Е. М.: Наверное, во мне есть откуда-то цыганская тяга к бродячей жизни. Говорят, что один из братьев моего деда, Венедикта Марта (кажется, Петр Матвеев), бродил одно время с котомкой по дорогам России, чтобы испытать жизнь странника. А мой прадед, Николай Петрович Матвеев-Амурский, родившийся в православной миссии в Японии, мальчишкой бежал из дома (от злого отчима) и несколько лет бродяжничал с китайцем-коробейником по берегам Амура, пока не поселился во Владивостоке, где завел большую семью.   Я, как и моя мама, всегда очень любила (и люблю) Нью-Йорк, но когда мне представлялась возможность пожить где-то в новом месте, я радовалась что увижу и узнаю другие города, другую природу, встречу новых людей.  Эта возможность появилась у меня, когда я получила диплом Registered Nurse; медсестры везде были нужны, и куда бы мы ни переезжали, я быстро находила работу.   Из Лос-Анджелеса, где мы скучали без зимнего снега, яркой осени и цветущей весны, мы переселились в Колорадо, в маленький горный городок Ганнисон, где снега зимой было навалом!  Там мы, может быть, остались бы надолго, но в 1984 году у моей мамы обнаружили метастаз из легкого в мозг, и мы вернулись в Манхэттен, чтобы быть поближе к ней.   А вскоре после маминой смерти тяжело заболел мой отец, и мы перебрались в Питсбург.  После папиной смерти мы остались жить в Питсбурге.  Именно в Питсбурге я начала работать в хосписе.   А вот теперь я опять переселилась в маленький городок, Миссулу, среди гор штата Монтаны, чтобы быть поближе к дочерям – Анне и Алене.  Думаю, что это мой последний переезд.

В. С.:  Вы дочь двух знаменитых поэтов: Иван Елагин – «первый поэт второй эмиграции», Ольга Анстей – «первая поэтесса» той же эмиграции. Мне кажется, что Вы умудрились «взять» лучшее у обоих родителей. Но атмосфера, в которой Вы росли, была необычна и, может быть, не всегда легка для ребенка. Вот из письма Вашей матери к ее московской подруге Белле Казначей: «Он (И. Елагин. – В.С.) так же сумасшедше, сомнамбулически живет стихами, как и я, я читаю свои стихи, он – свои, потом он мои на память, а потом оба мы взахлеб, – кто во что горазд – всех поэтов от Жуковского до Ходасевича и Пастернака, и он это не попусту, а с толком, с большим пониманием…» Ведь эта атмосфера, в той или иной степени, сохранилась у Ваших родителей в течение почти всей их творческой жизни, несмотря на развод.
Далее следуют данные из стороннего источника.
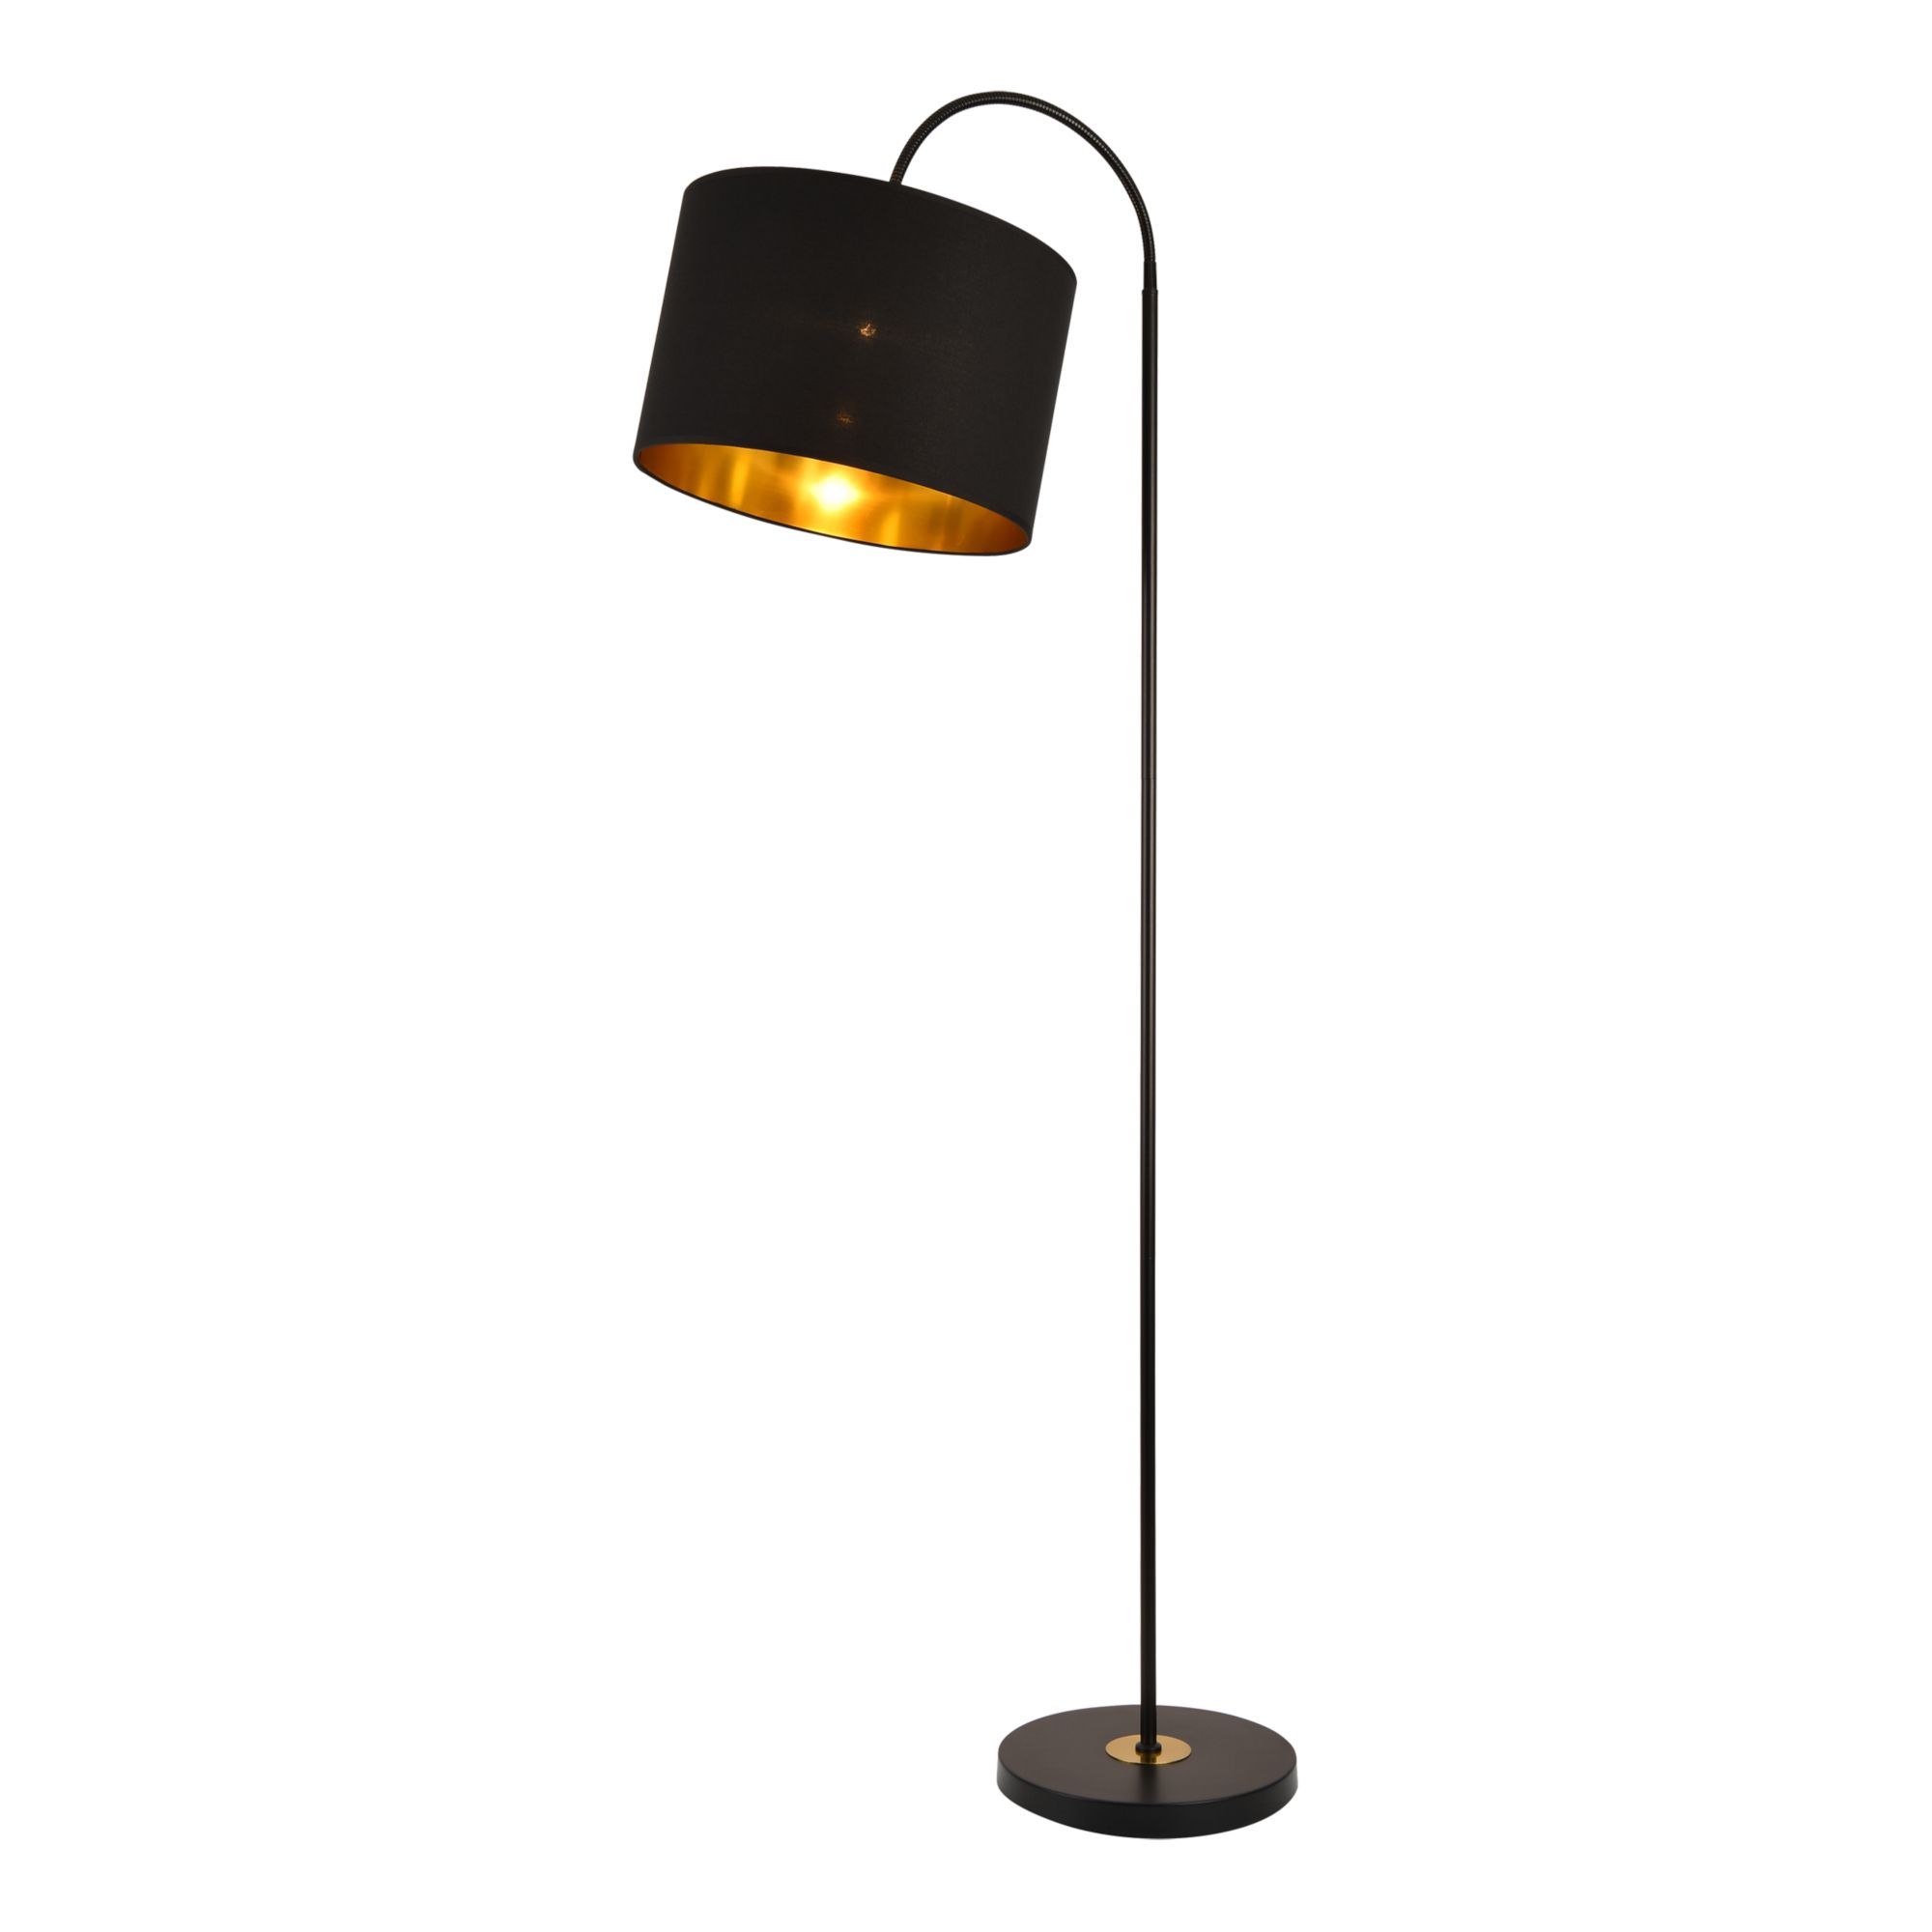 [lux.pro] Stojací lampa \"Toledo\" HT191005 - H.T. Trade Service GmbH & Co. KG

Не хотелось бы Вам, ребенку, пожить в другой, менее экзальтированной, более «нормальной» среде?

Е. М.: Да нет, пожалуй, я воспринимала эту среду как «нормальную», и мне, книжному червю, было в ней очень уютно. Ведь меня никогда не принуждали читать книги и любить стихи – это было просто частью жизни. Конечно, всякому подростку надо как-то проявлять свою независимость и отталкиваться от родителей; мой «мятеж» проявился позже, когда я бросила учиться и решила «жить свинопасом!».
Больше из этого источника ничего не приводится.